### Problem requirements
The reply is a verbatim copy of the listing below with its images dropped.

### Given information
= = = = =

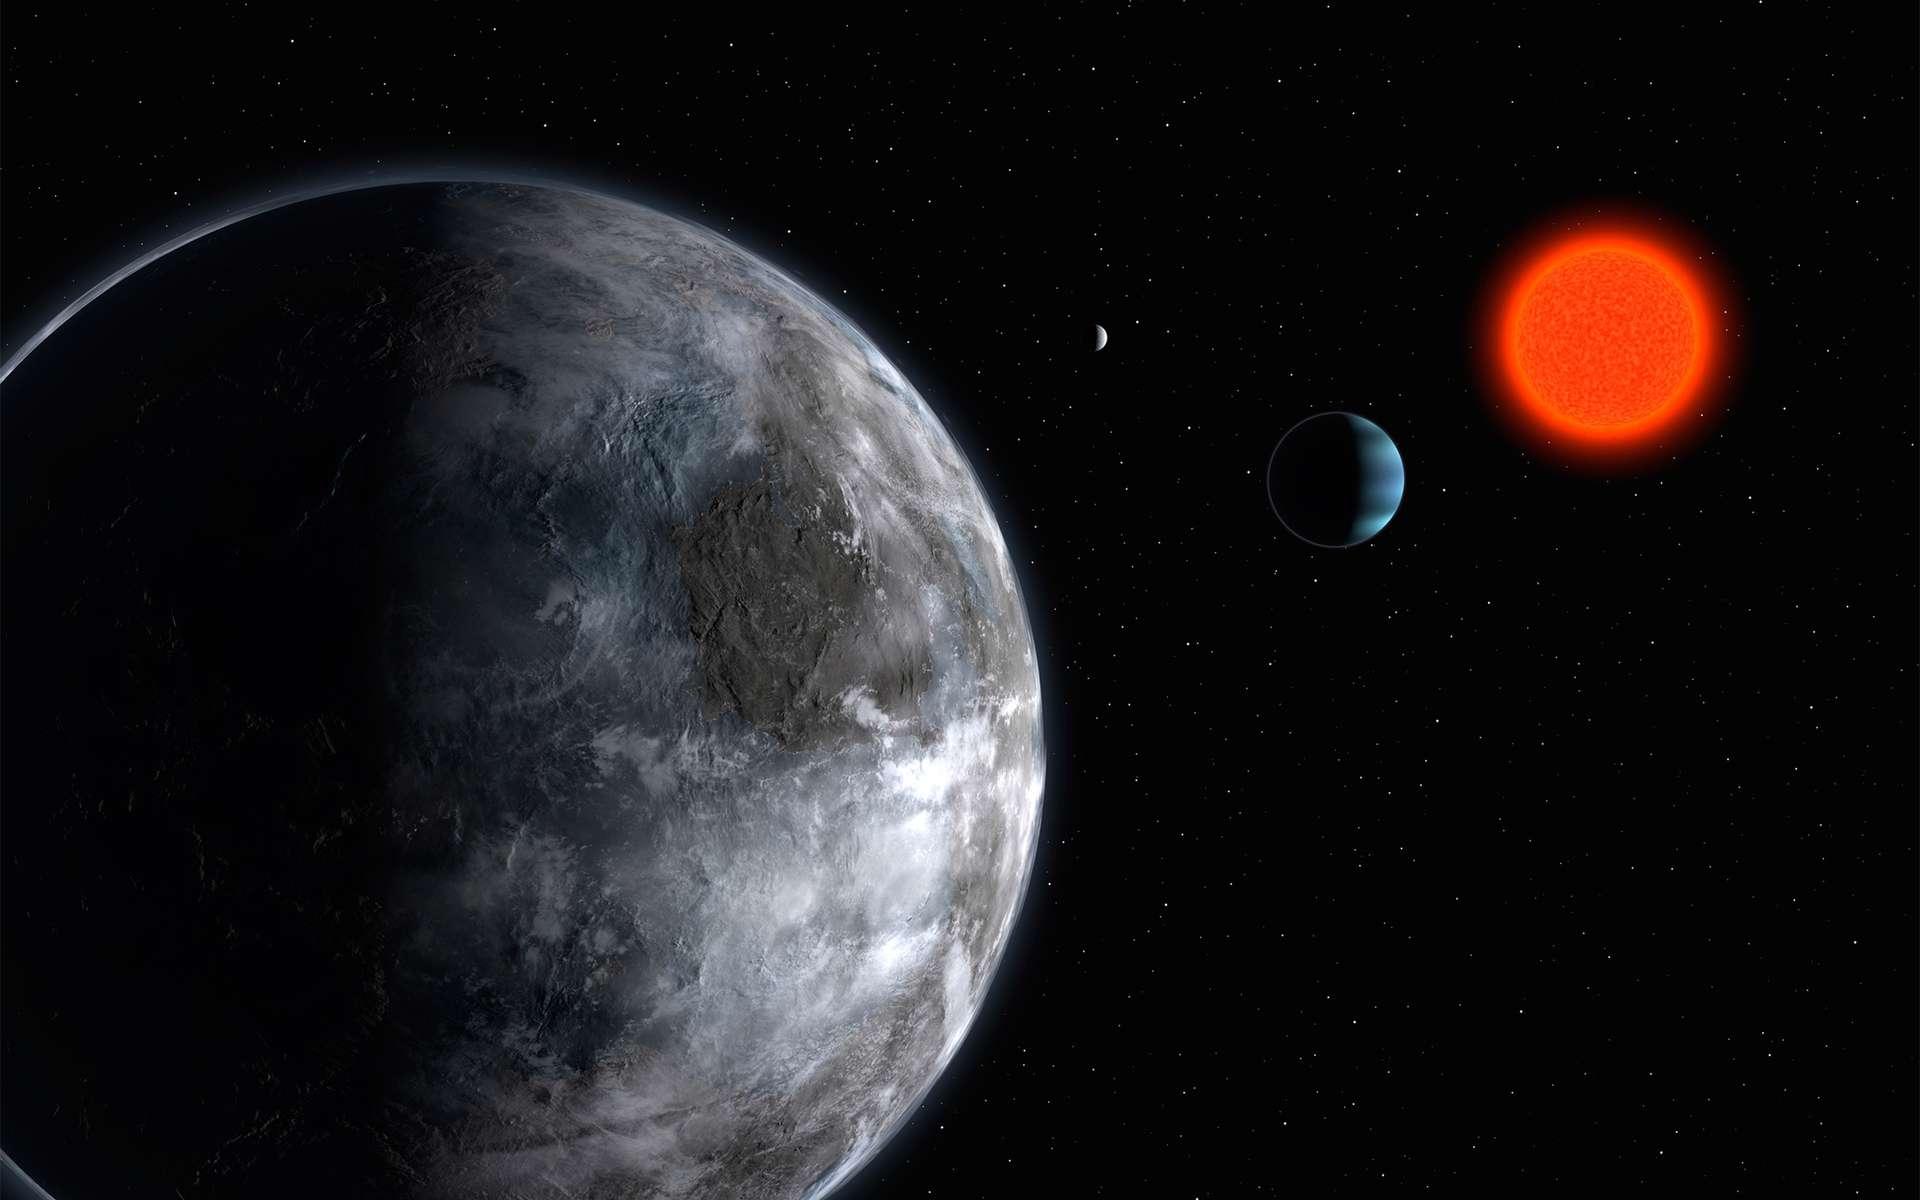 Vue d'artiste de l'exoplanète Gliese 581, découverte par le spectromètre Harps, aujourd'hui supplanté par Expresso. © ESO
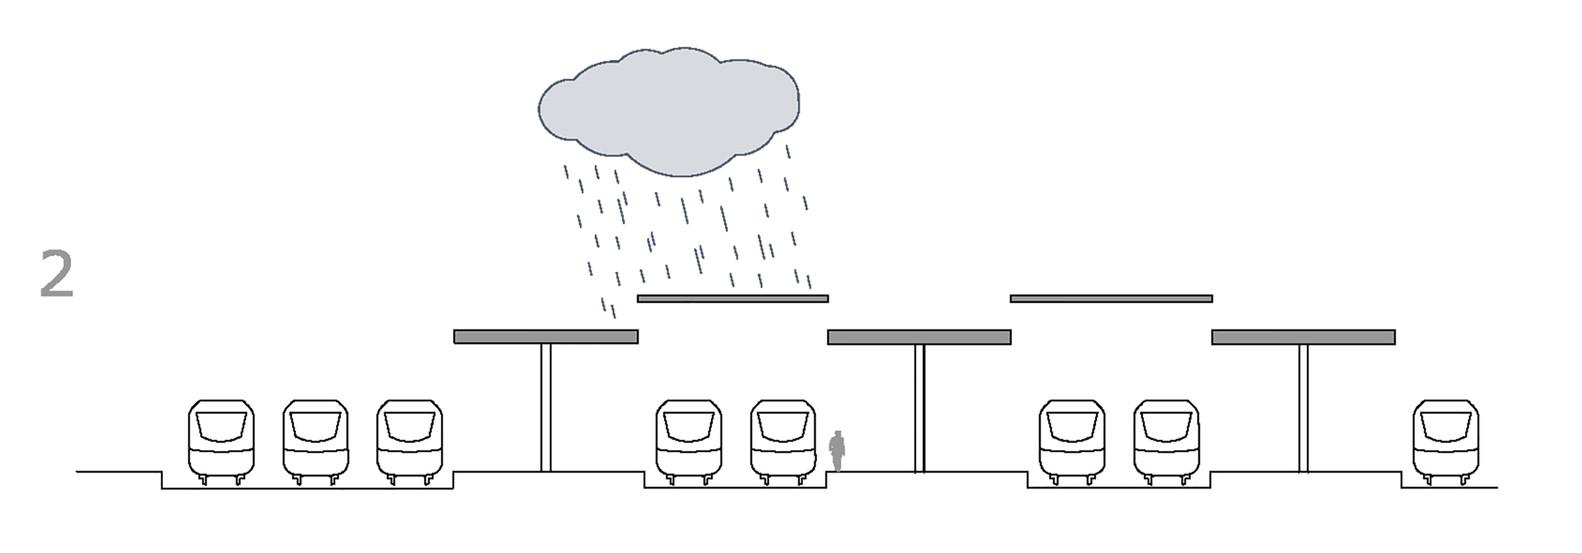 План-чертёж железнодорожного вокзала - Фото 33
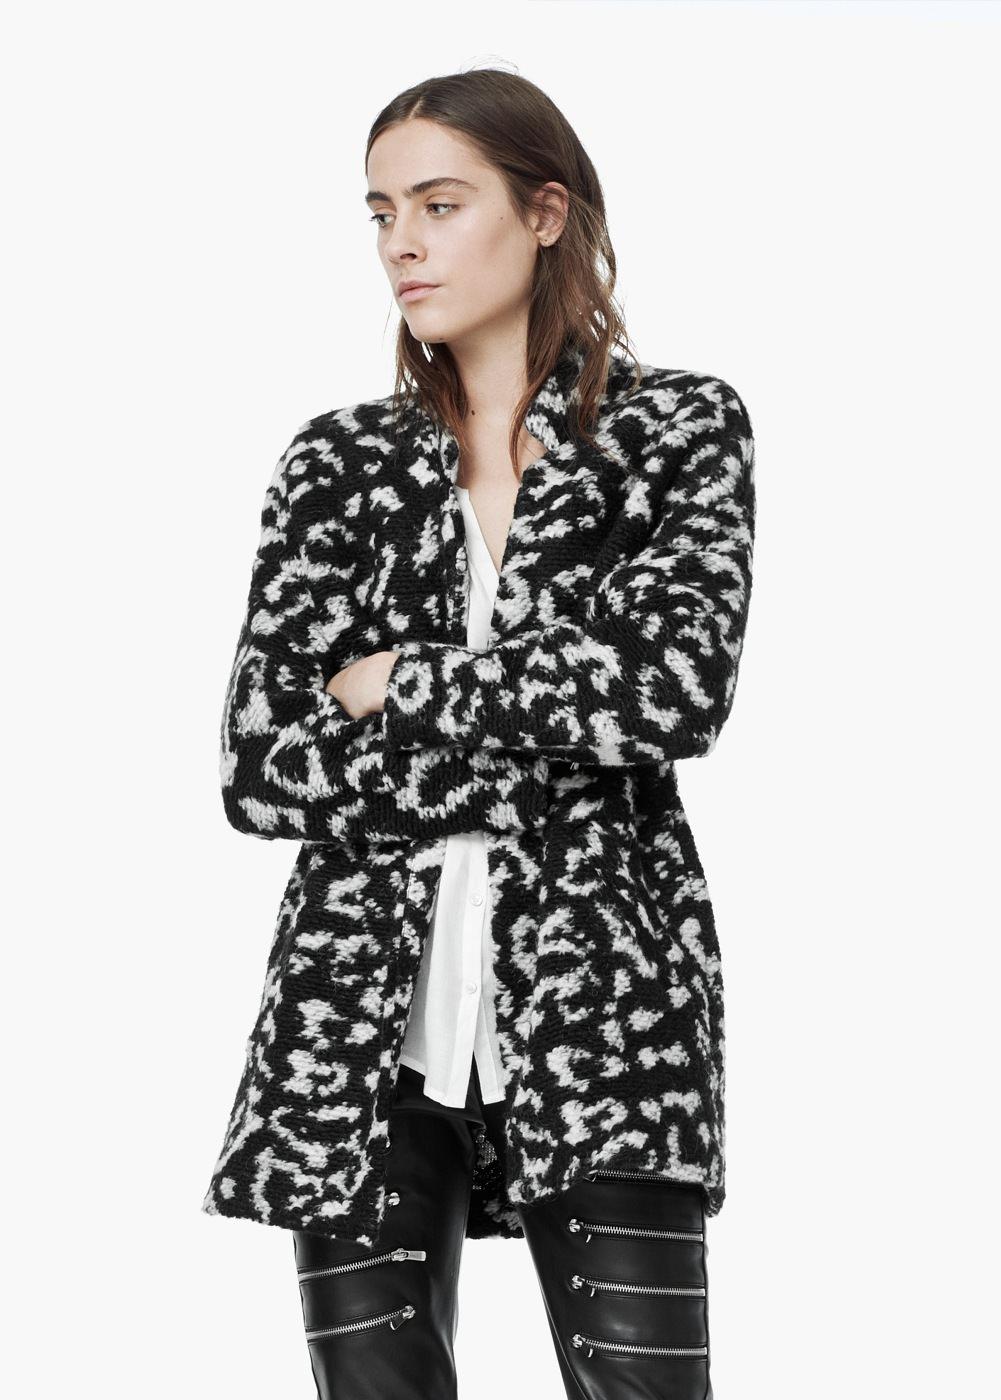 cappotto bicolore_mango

= = = = =

### Answer box
 Vue d'artiste de l'exoplanète Gliese 581, découverte par le spectromètre Harps, aujourd'hui supplanté par Expresso. © ESO
 План-чертёж железнодорожного вокзала - Фото 33
 cappotto bicolore_mango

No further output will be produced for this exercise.